Старому господину такой бал доставлял, по-видимому, величайшее удовольствие. Он не спускал с племянника глаз и все время улыбался про себя, а когда около него собиралось все общество, чтобы наградить его похвалами за приличного, благовоспитанного юношу, он от радости совершенно не мог опомниться, потом заливался веселым смехом и казался глупым. Грюнвизельцы приписывали эти странные проявления радости его большой любви к племяннику и находили это вполне в порядке вещей. Но иногда дядя должен был применять к племяннику и свое отеческое влияние, потому что среди грациознейших танцев молодому человеку могло прийти в голову смелым прыжком вскочить на эстраду, где сидели городские музыканты, вырвать из рук музыканта контрабас и ужасно запилить на нем. Иногда же он сразу переменял позицию и начинал танцевать на руках, вытянув ноги вверх. Тогда дядя обыкновенно отводил его в сторону, делал ему там строгие выговоры и туже стягивал ему галстук, так что племянник опять становился вполне вежливым.

Так вел себя племянник в обществе и на балах. Но как это обыкновенно бывает с нравами, дурные расиространяются всегда легче хороших, и новая, бросающаяся в глаза мода, хотя бы она была крайне смешной, имеет в себе что-то заразительное для молодых людей, еще не размышлявших о самих себе и об обществе. Так было и в Грюнвизеле с племянником и его странными манерами. Когда молодые люди увидели, что неуклюжего племянника, с его грубым смехом и болтовней и с его дерзкими ответами старшим, скорее уважают, чем порицают, так что все это находят даже очень остроумным, то стали думать про себя: «Мне легко сделаться таким же остроумным повесой». Прежде они были прилежными, способными молодыми людьми. Теперь они думали: «К чему образование, если с невежеством лучше имеешь успех?» Они оставили книги и стали везде шляться по улицам и площадям. Прежде они со всеми были учтивы и вежливы, ждали, пока их спросят, и отвечали прилично и скромно. Теперь они стояли в рядах мужчин, болтали, высказывали свое мнение, смеялись в лицо даже бургомистру, если он что-нибудь говорил, и утверждали, что они все знают гораздо лучше.

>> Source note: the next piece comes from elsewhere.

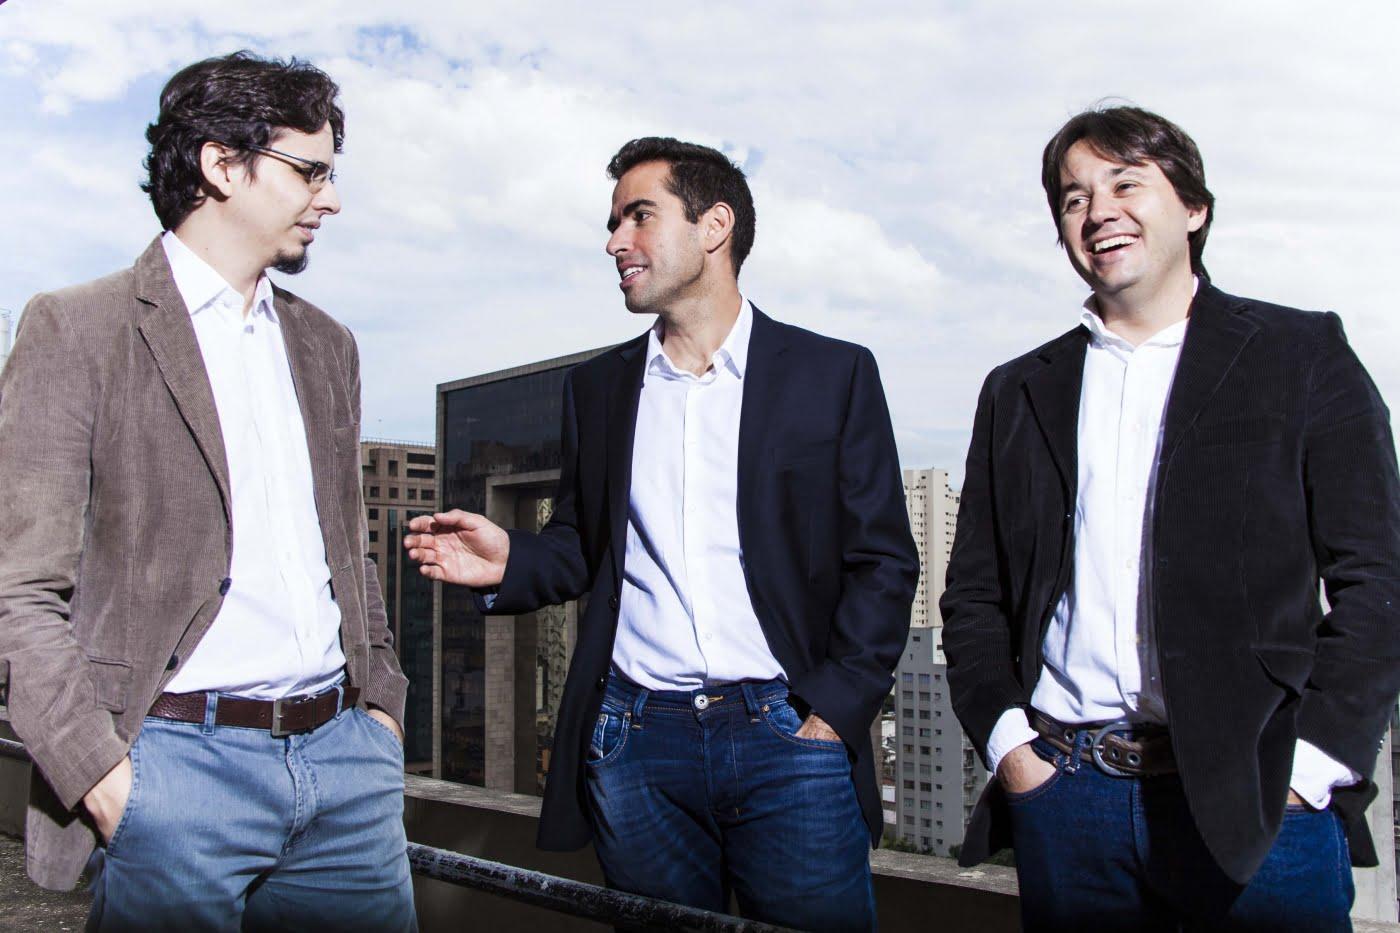 Daniel, Igor e Leonardo: os criadores da Moip, empresa de pagamentos online capaz de concorrer com gigantes como PayPal e PagSeguro.

Прежде молодые грюнвизельцы питали отвращение ко всему грубому и пошлому. Теперь они стали петь разные дурные песни, курить из огромных трубок табак и шляться по простым кабакам. Они тоже купили себе большие очки, хотя видели вполне хорошо, надели их на нос и стали думать, что теперь они люди с положением — ведь у них такой же вид, как у знаменитого племянника! Дома или в гостях они ложились в сапогах со шпорами на мягкий диван, в хорошем обществе качались на стуле или подпирали щеки обоими кулаками, а локти клали на стол, что теперь имело очень привлекательный вид. Напрасно их матери и друзья говорили им, как все это глупо, как неприлично — они ссылались на блестящий пример племянника. Напрасно им доказывали, что племяннику, как молодому англичанину, простительна некоторая национальная грубость. Молодые грюнвизельцы утверждали, что они точно так же, как самый лучший англичанин, имеют право быть остроумно невоспитанными. Словом, жалко было видеть, как в Грюнвизеле благодаря дурному примеру племянника совершенно погибали нравы и хорошие обычаи.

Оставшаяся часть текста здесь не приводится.